» **What is being asked**
Return the complete listing exactly as it reads, with each picture removed.

» **Dataset extract**
+ + + + +
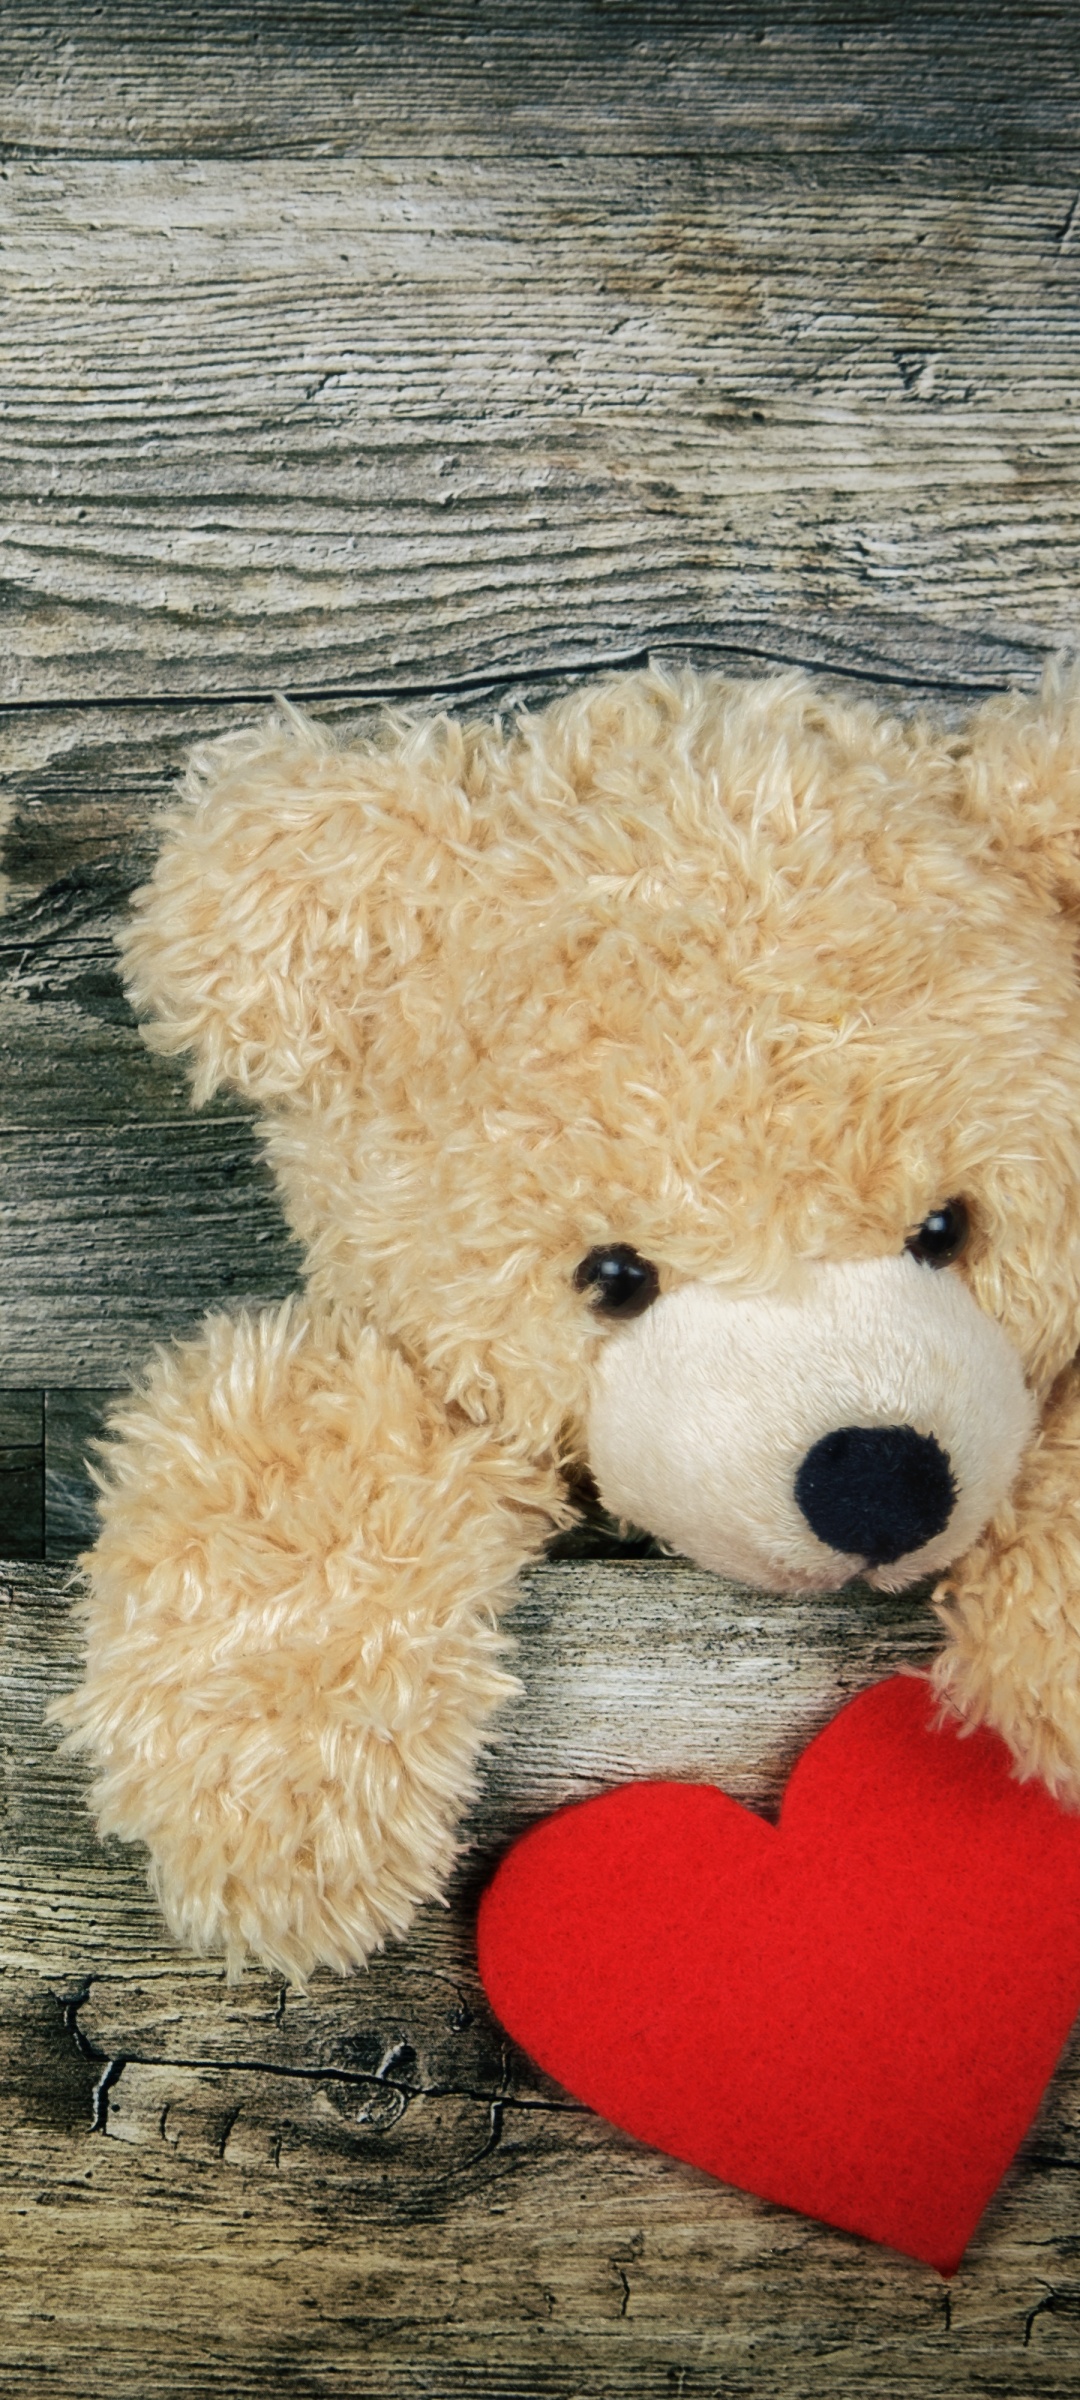 Teddy bear Wallpaper 4K, Red heart, Wooden background, Soft toy, Stuffed, Cute
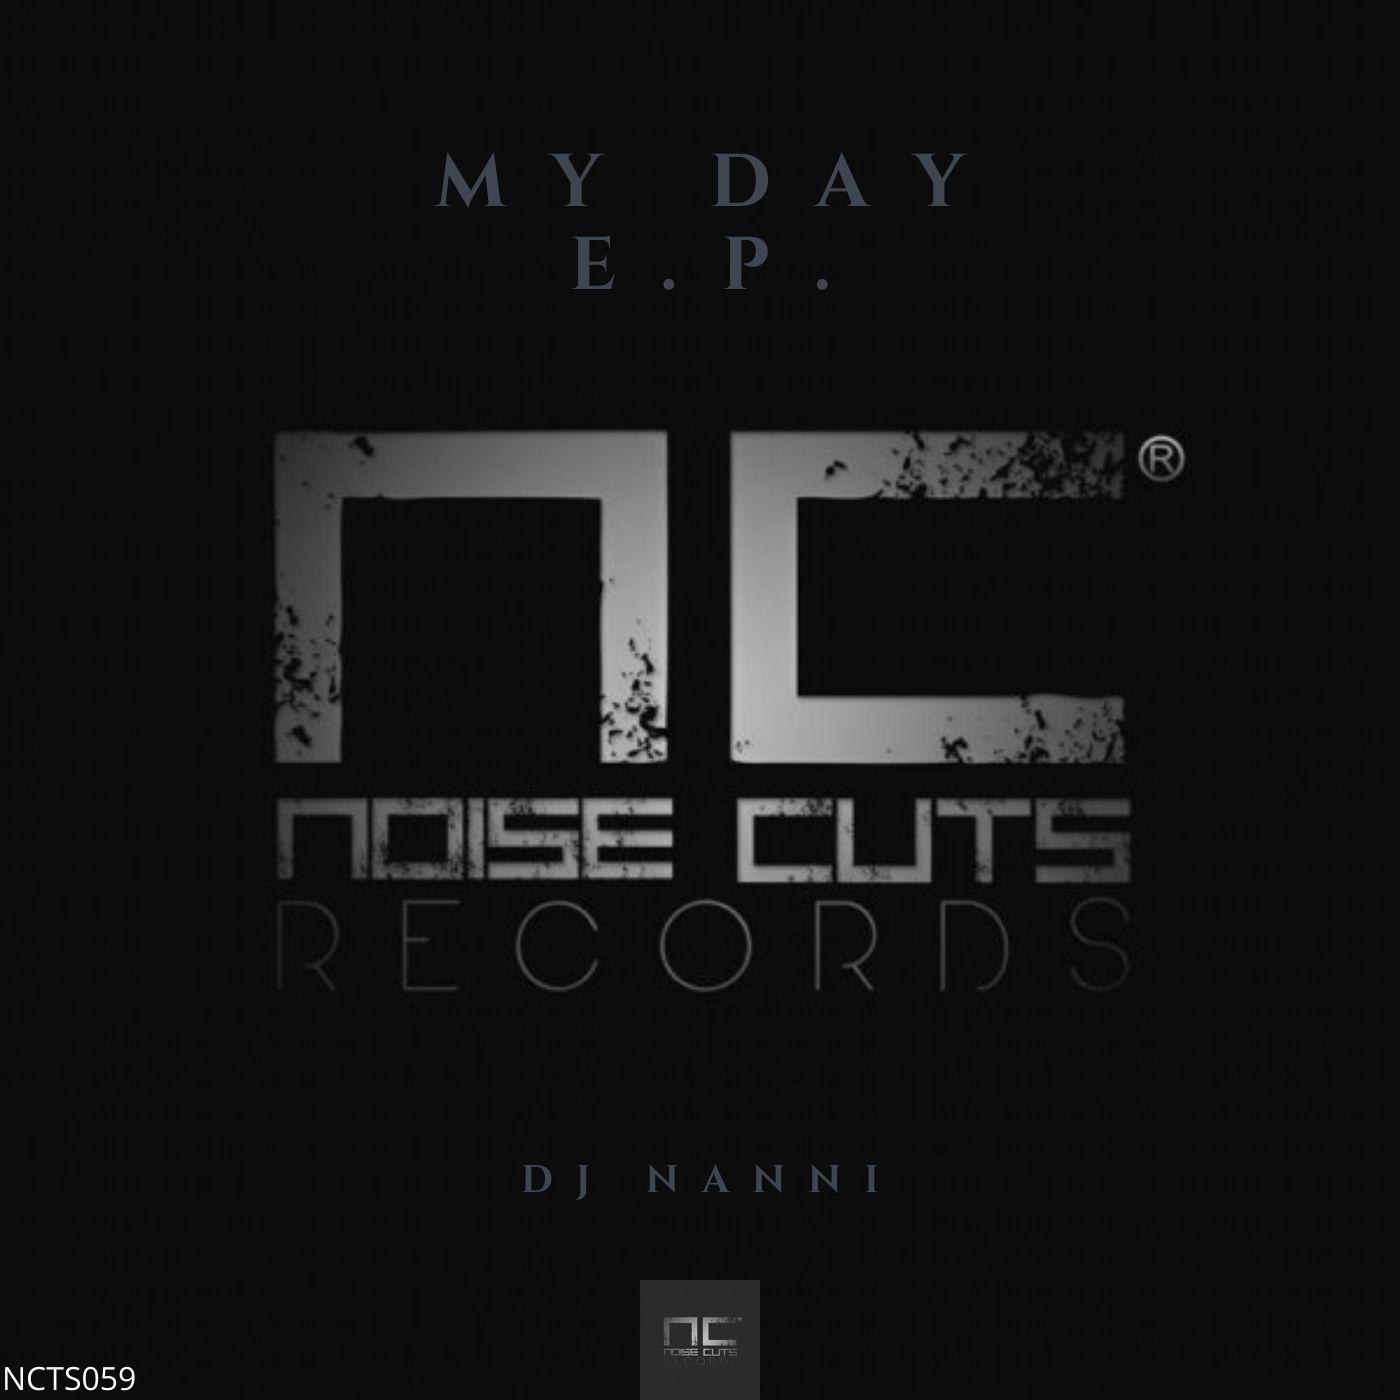 My Day E.p. - DJ Nanni - 专辑 - 网易云音乐
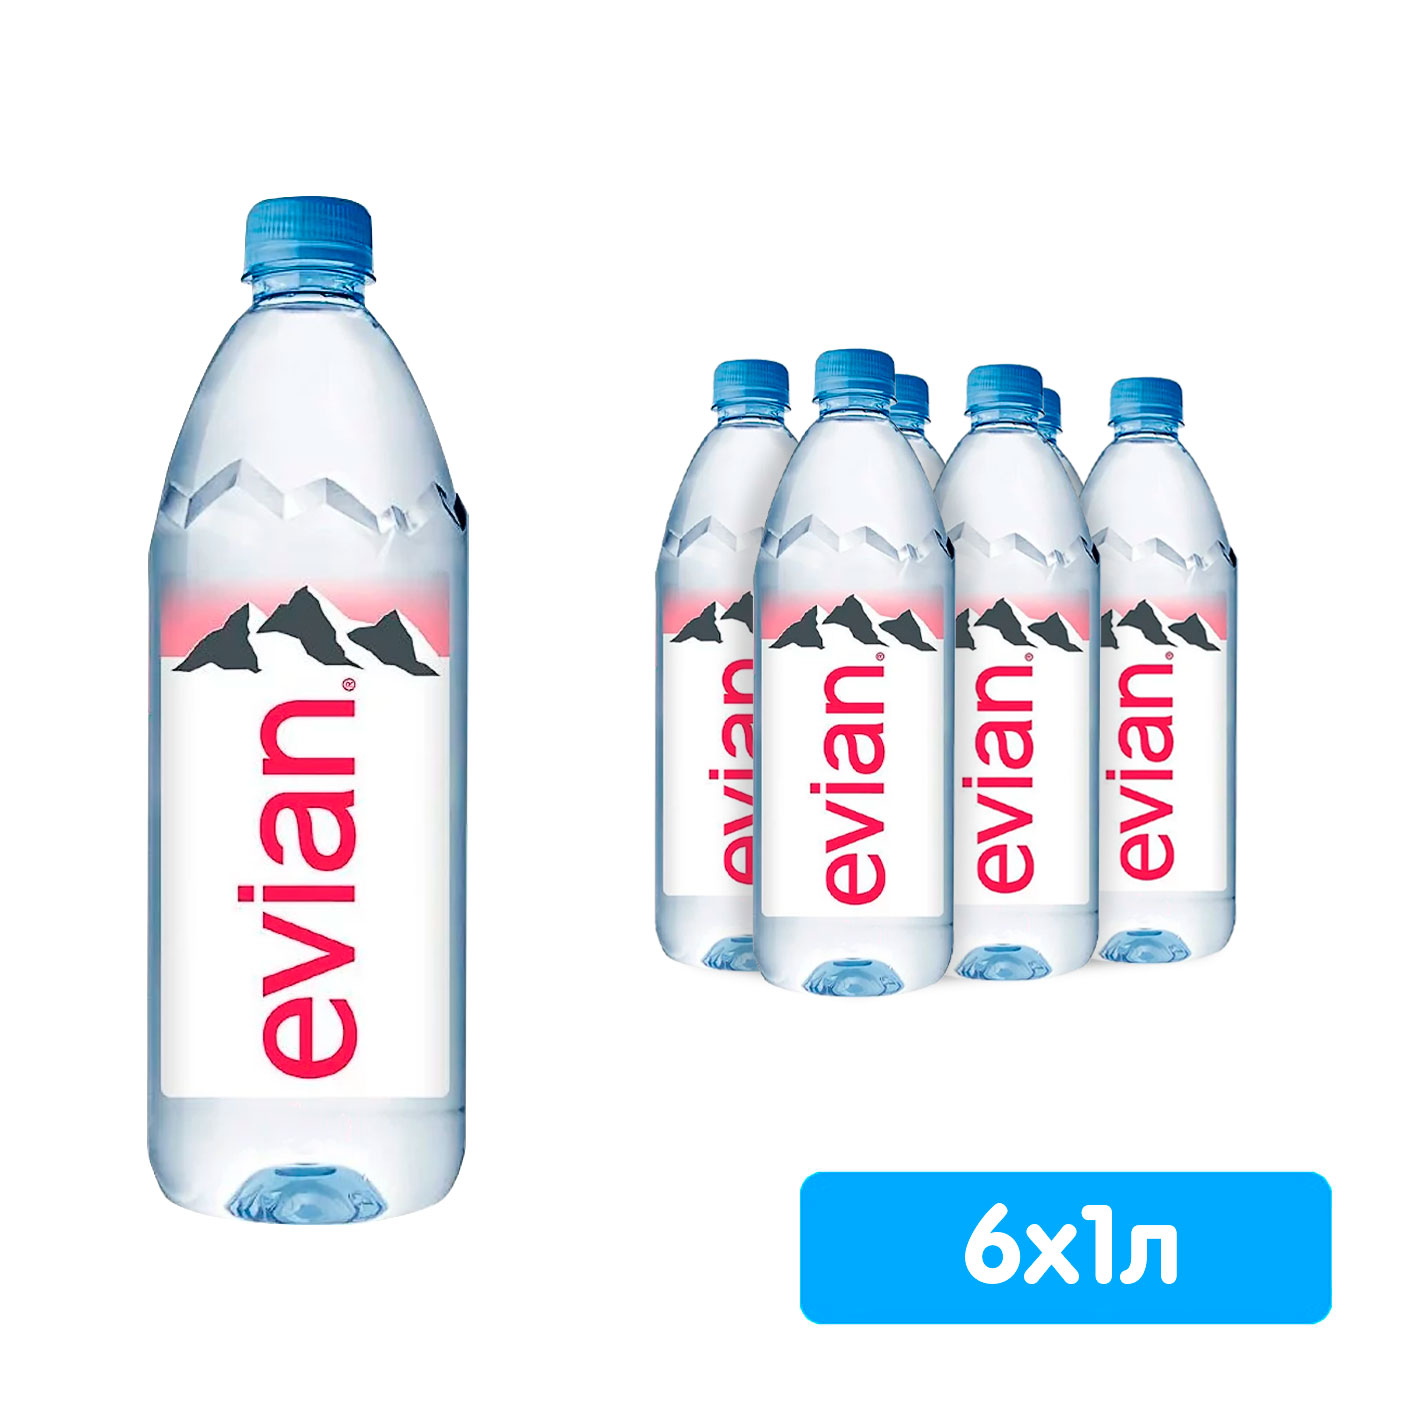  Evian 1 ,  , , 6 .
+ + + + +
» **Output for this task**
 Teddy bear Wallpaper 4K, Red heart, Wooden background, Soft toy, Stuffed, Cute
 My Day E.p. - DJ Nanni - 专辑 - 网易云音乐
  Evian 1 ,  , , 6 .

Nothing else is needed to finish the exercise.